It's nearing the end of the year, and throughout 2012, Wauwatosa has had the privilege of watching some amazing people doing great things.
People have helped Wauwatosa in many ways – some with their hands on, here, to keep building an even better community, some by representing the generous spirit of Wauwatosa well beyond its borders.
There was Assistant Fire Chief Jim Case, who went as part of a volunteer emergency medical assistance team to help the sick and injured in New Jersey and New York for three weeks after Hurricane Sandy ravaged the coast.
There is Sarah Lerand, who as a McKinley Elementary parent has worked tirelessly for the cause of Safe Routes to School for Wauwatosa's children and who, with the ceaseless help and expertise of Ald. Jeff Roznowski, just won a major state grant to greatly advance that cause.

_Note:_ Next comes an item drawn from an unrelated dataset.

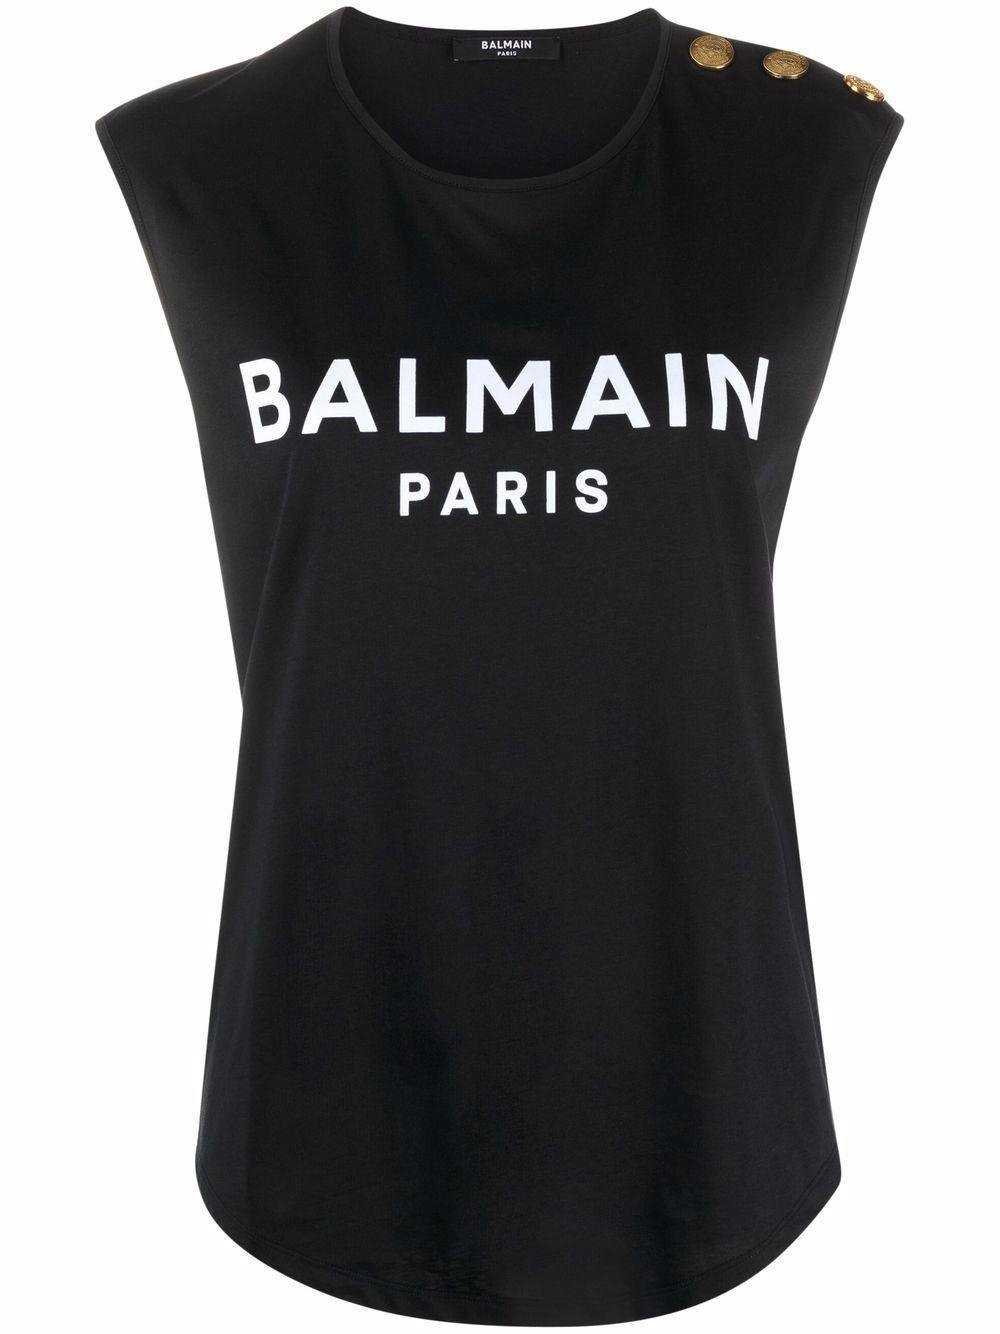 BALMAIN BLACK TANK TOP - Fashion Quality Boutik

In a related effort, freshman Ald. Joel Tilleson personally saw to it that school safety measures for a dangerous stretch of Wauwatosa Avenue near Longfellow School were implemented a full year before expectations – and before this school year began.
There's John Gee, the executive director of the nacsent Forestry Exploration Center, who revised all his previous plans and came forward with the only potentially viable proposal to save the historic Eschweiler Buildings – and the unstoppable Denise Lindberg (already a Distinguished Citizen of Wauwatosa) and Peggy Rozenzweig, who immediately stepped up next to him to help.

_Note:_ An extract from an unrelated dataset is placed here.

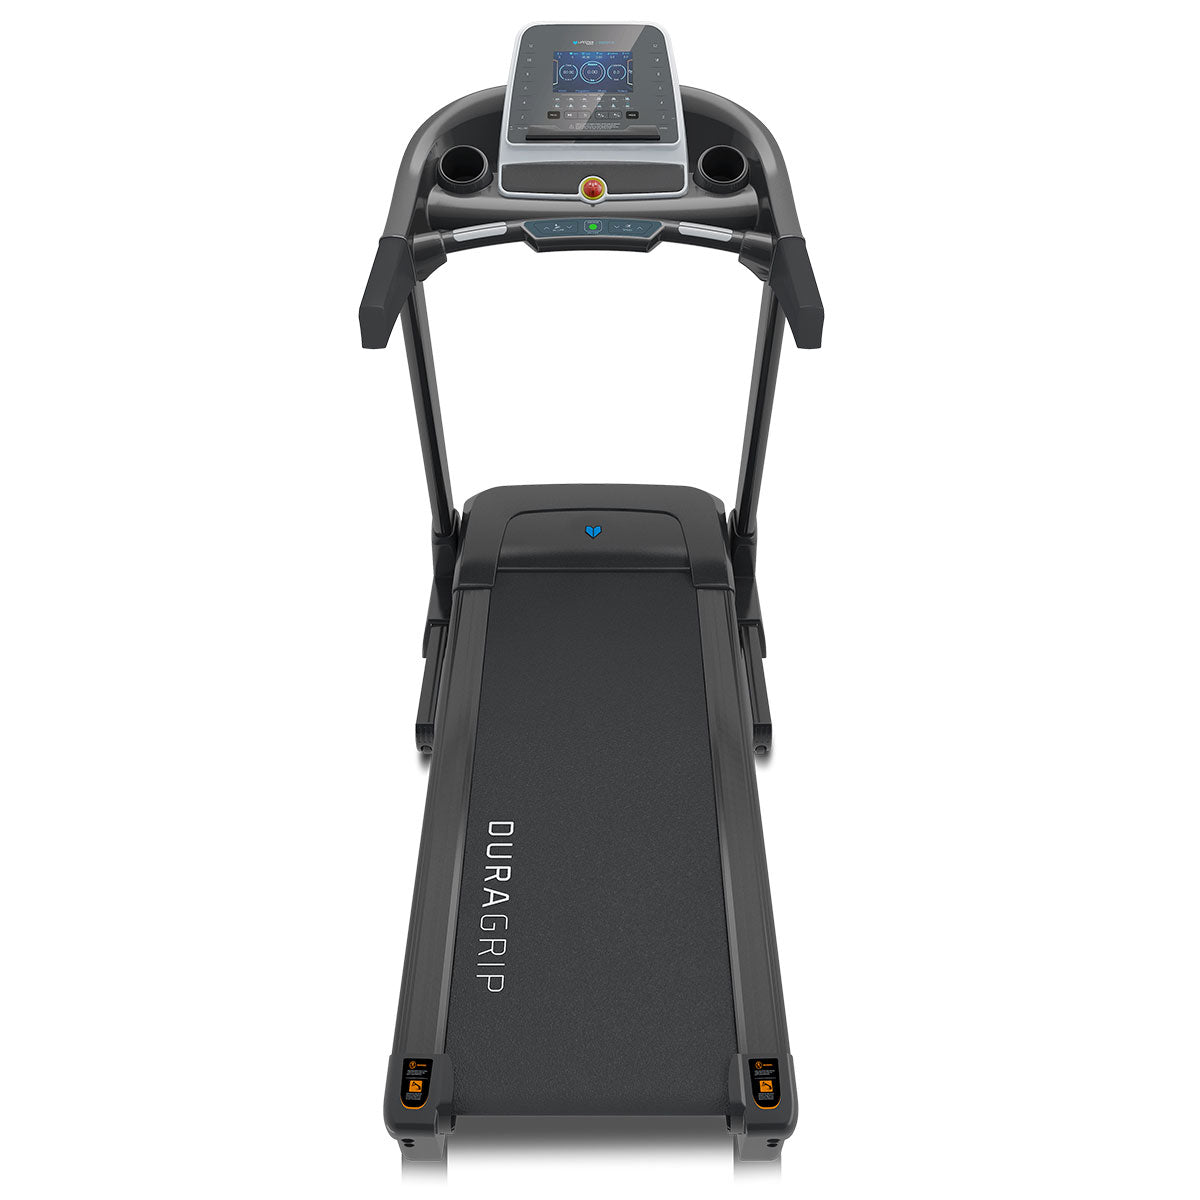 Fitness Boost-R Treadmill

There is Alicia Bartz, as just one standout representative among of a host of Lincoln Elementary School parents who rushed to the aid of the Birk family when their daughter, Kaylen, was diagnosed with a rare and fatal brain disease.
And there is always Chris Leffler, who never stops giving back to Wauwatosa, and who in the case of Kaylen Birk's illness stepped up once again to donate richly of his time, money and talents for a community fundraiser that drew (and fed) 1,500 people.

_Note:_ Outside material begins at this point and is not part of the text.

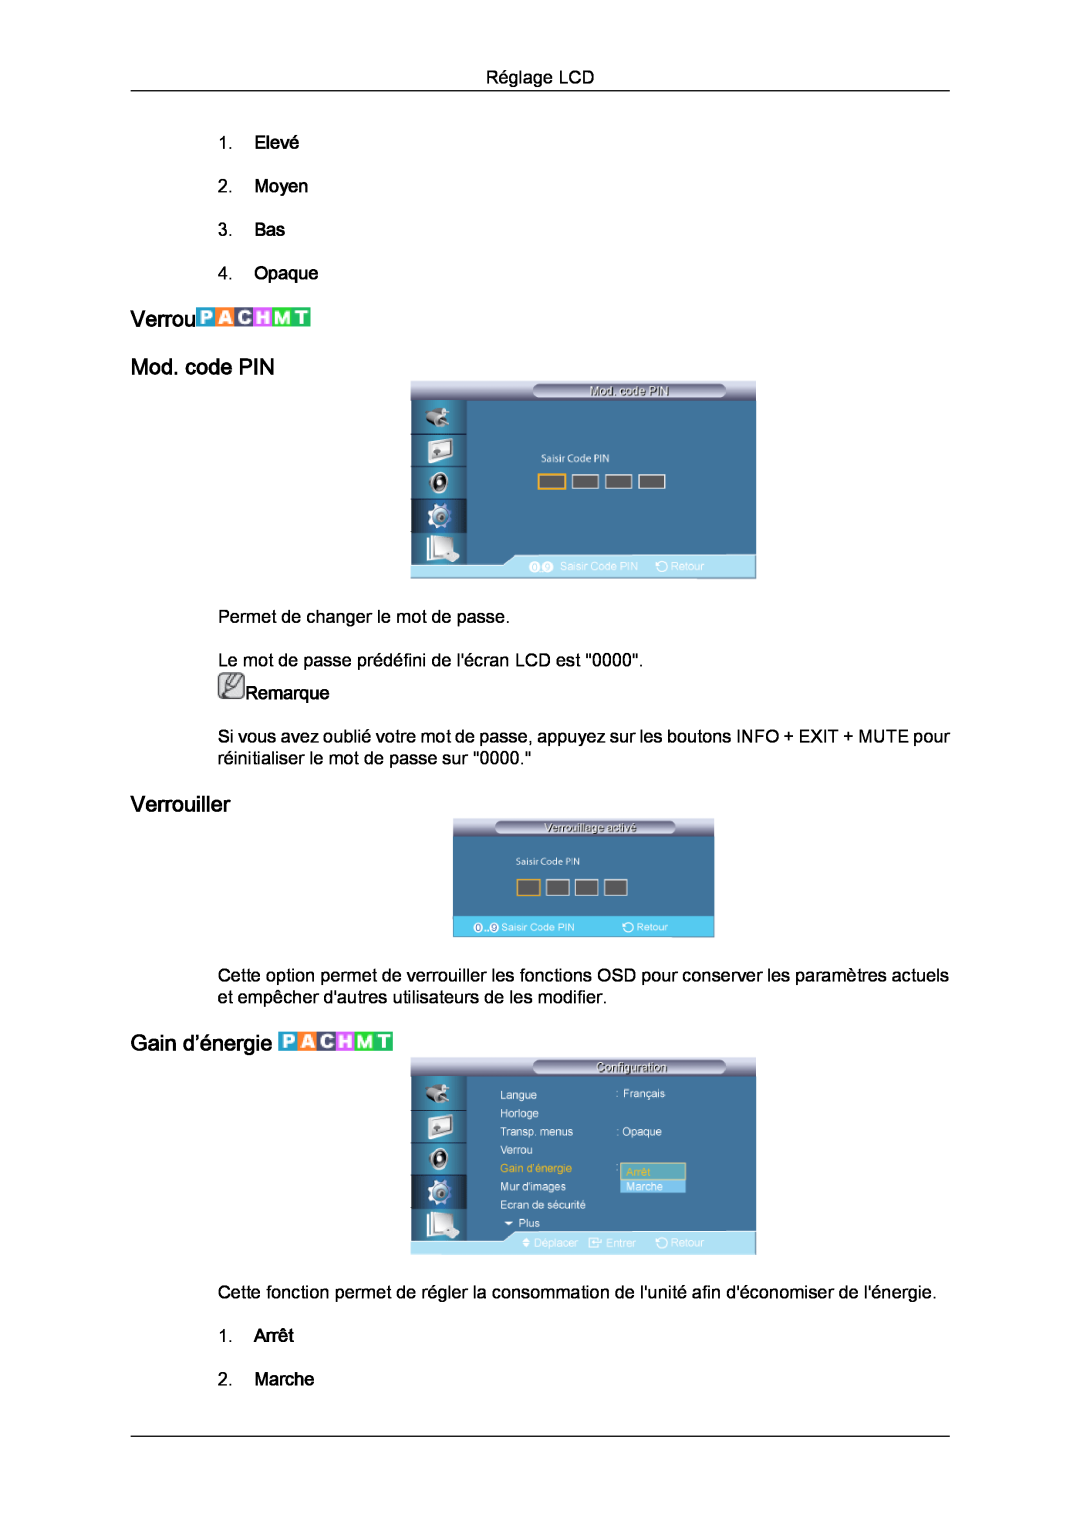 Samsung LH46CRPMBC/EN manual Verrou Mod. code PIN, Verrouiller, Gain d’énergie, Elevé 2. Moyen 3. Bas 4. Opaque, Remarque

Those are just a few of the good people and causes written about in Wauwatosa Patch so far this year.
But we know there are people doing good that we at Patch never heard about.
There are those who daily work for the good of Wauwatosa's children, its elderly, its sick and its poor and hungry.
Those who work at the Medical College of Wisconsin and Froedtert Hospital, not only saving lives today but doing the advanced research that will improve and save more lives in the future.
There are business people making informed but still possibly risky decisions every day toward creating jobs and growth to keep Wauwatosa vigorously on the path to progress even during challenging economic times.
And there are, of course, as in any year, police officers and firefighters who constantly put their lives on the line for Wauwatosa's citizens but seldom get recognition by name.
This December, we'd like your help determing the Wauwatosa Patch person – or persons – of the year. You may nominate anyone who lives, works or volunteers in town. But nominations close at 9 a.m. Dec. 13, so submit your picks now.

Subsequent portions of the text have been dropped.